== GIVEN INFORMATION ==
'''

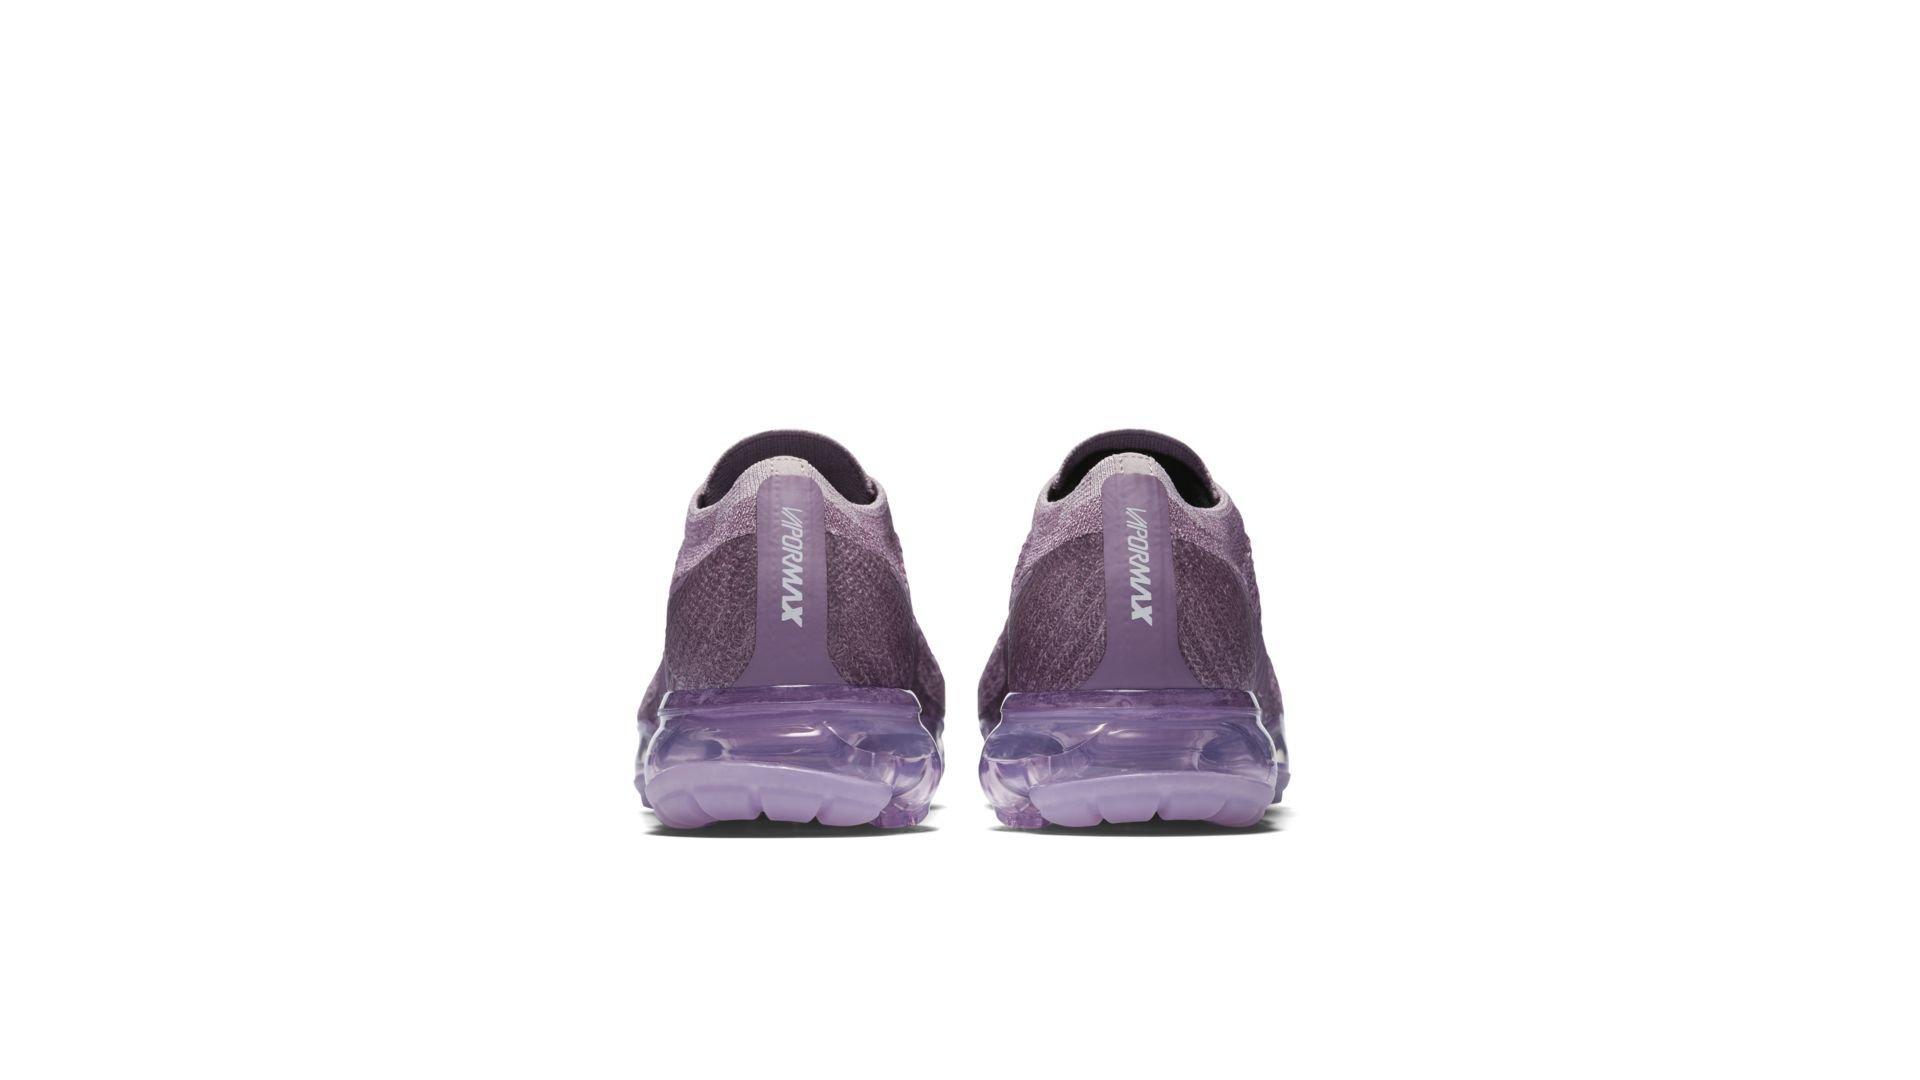 Nike Air Vapormax Violet Dust W (849557-500)
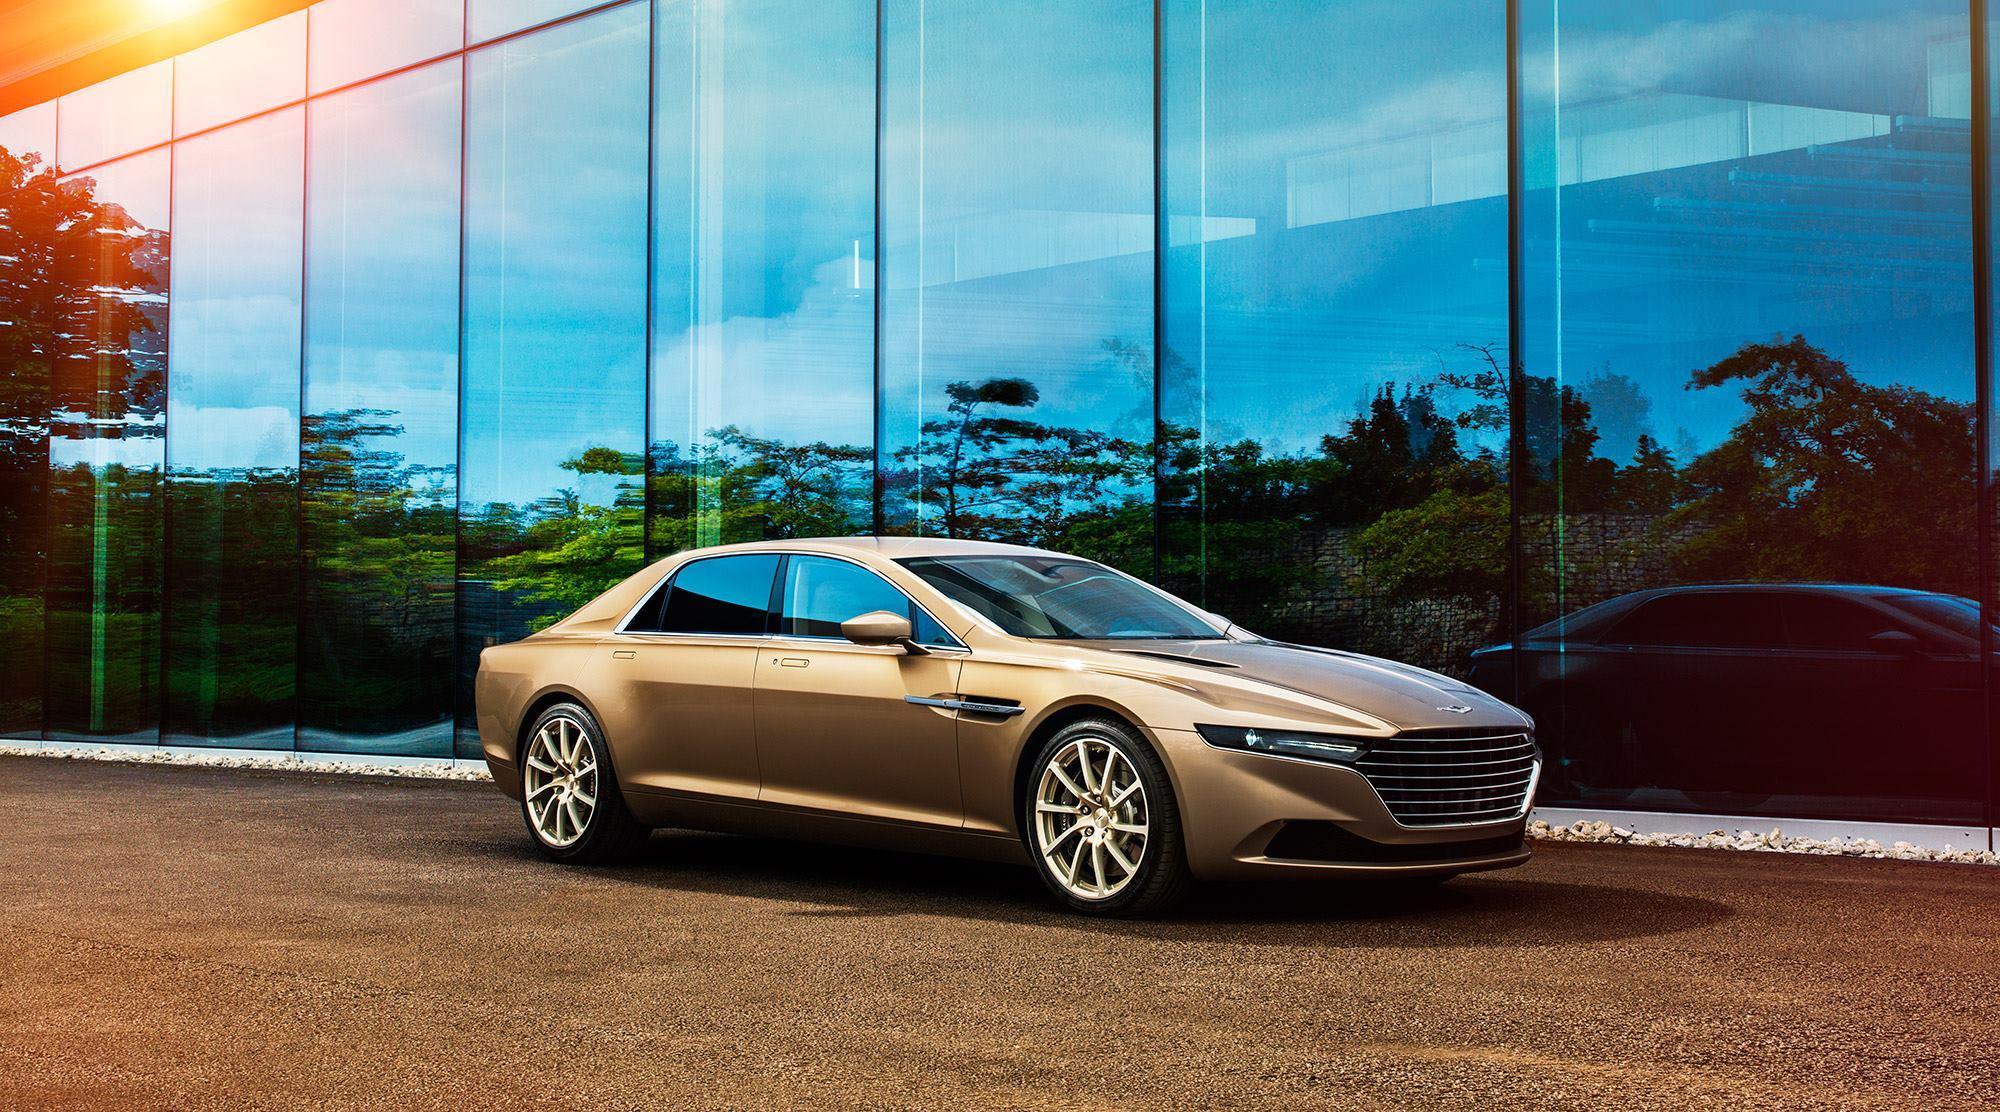 Aston Martin Lagonda Ltd
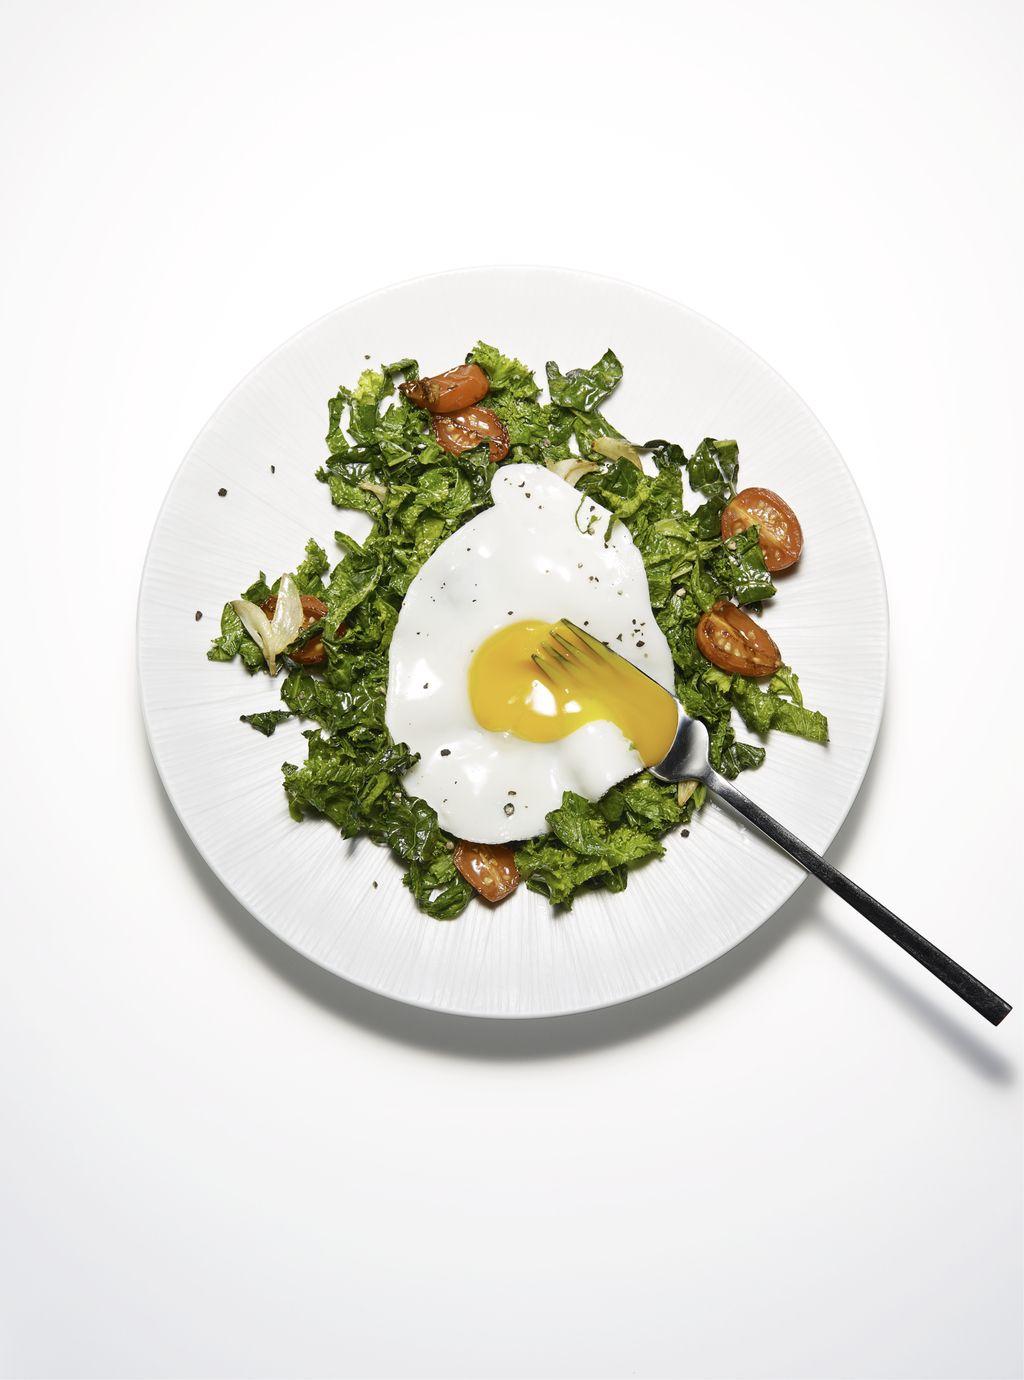 Sunny-Side-Up Eggs on Garlicky Greens
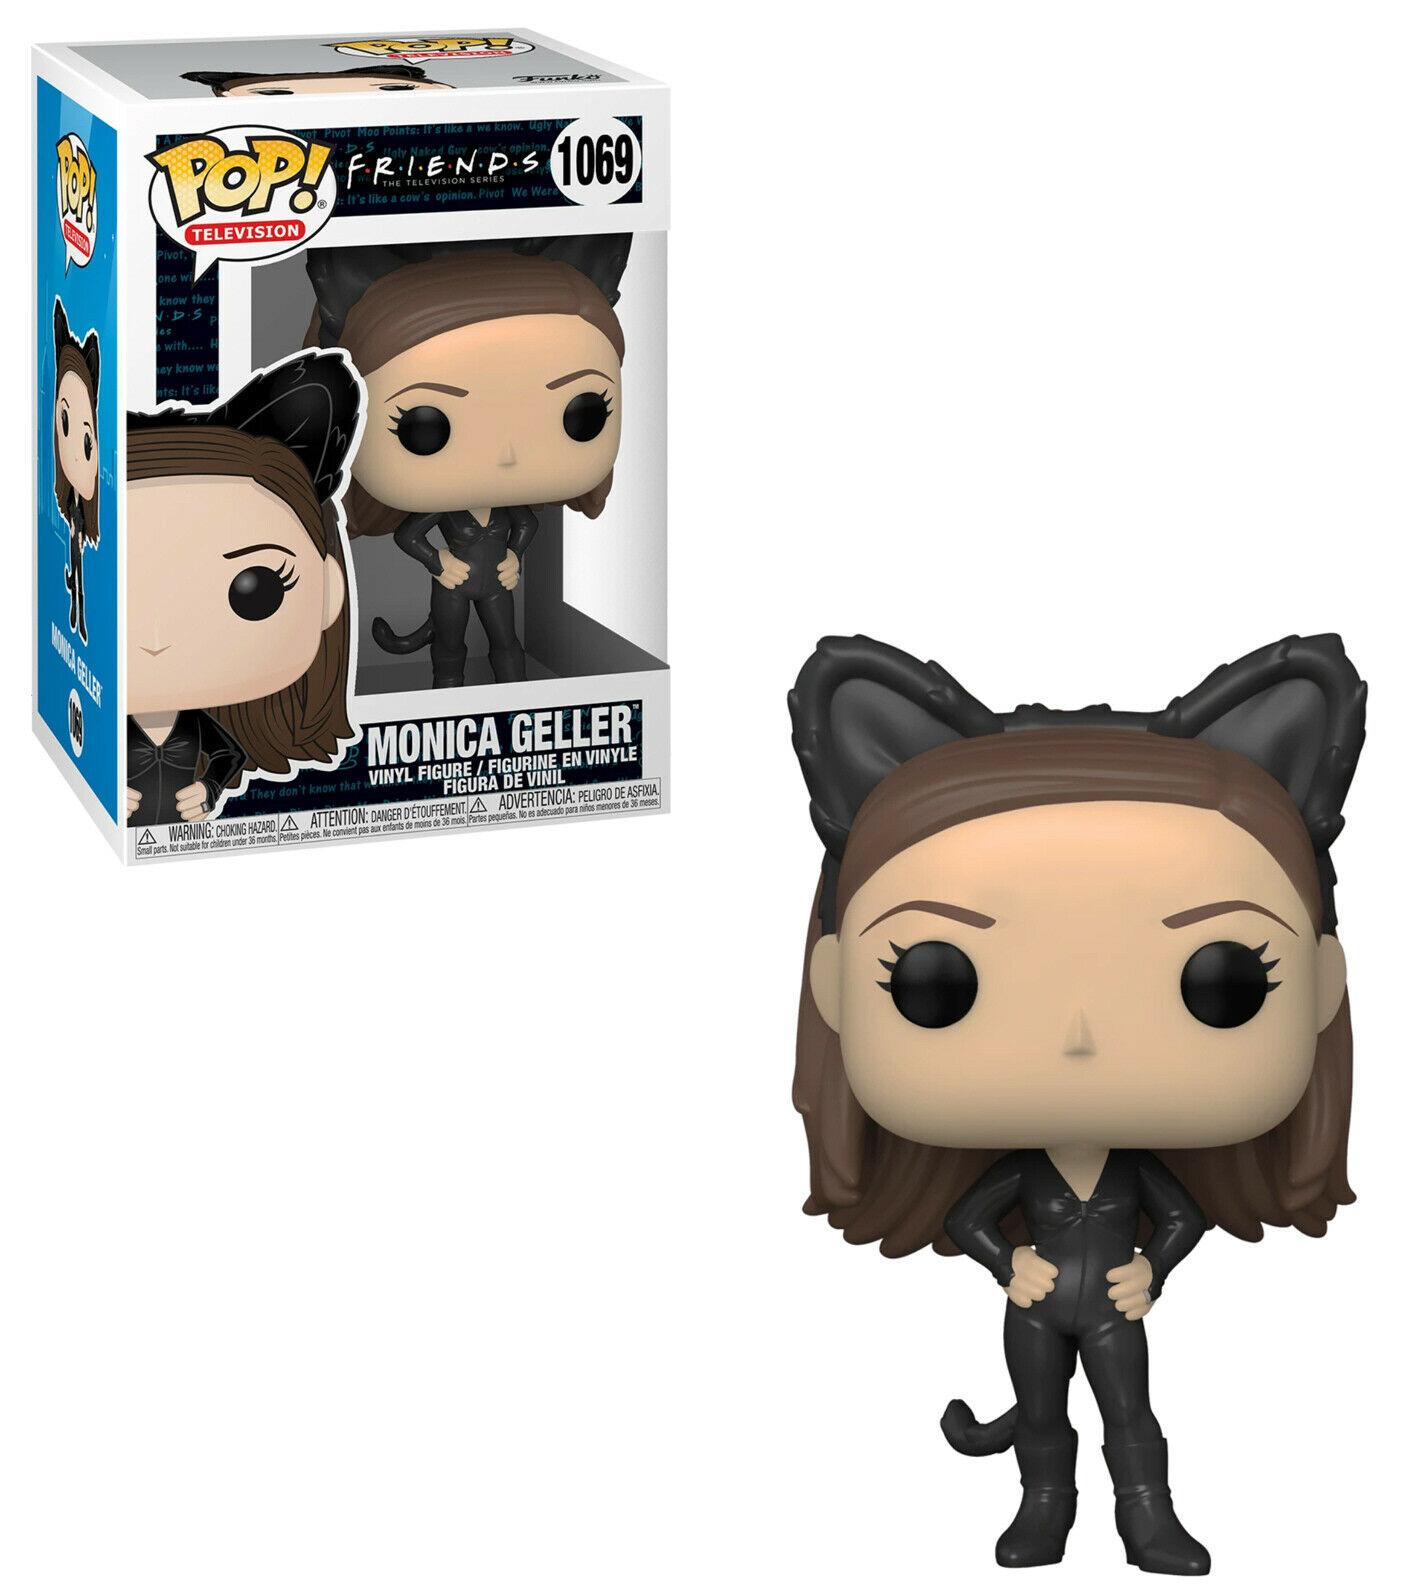 Bundled with EcoTek Protector to Protect Display Box Friends Vinyl Figure Monica Geller as Catwoman Pop #1069 Pop TV

'''

== WHAT IS REQUIRED ==
Wherever an image appears in the data, omit it and repeat everything else exactly.

== TASK RESULT ==
 Nike Air Vapormax Violet Dust W (849557-500)
 Aston Martin Lagonda Ltd
 Sunny-Side-Up Eggs on Garlicky Greens
 Bundled with EcoTek Protector to Protect Display Box Friends Vinyl Figure Monica Geller as Catwoman Pop #1069 Pop TV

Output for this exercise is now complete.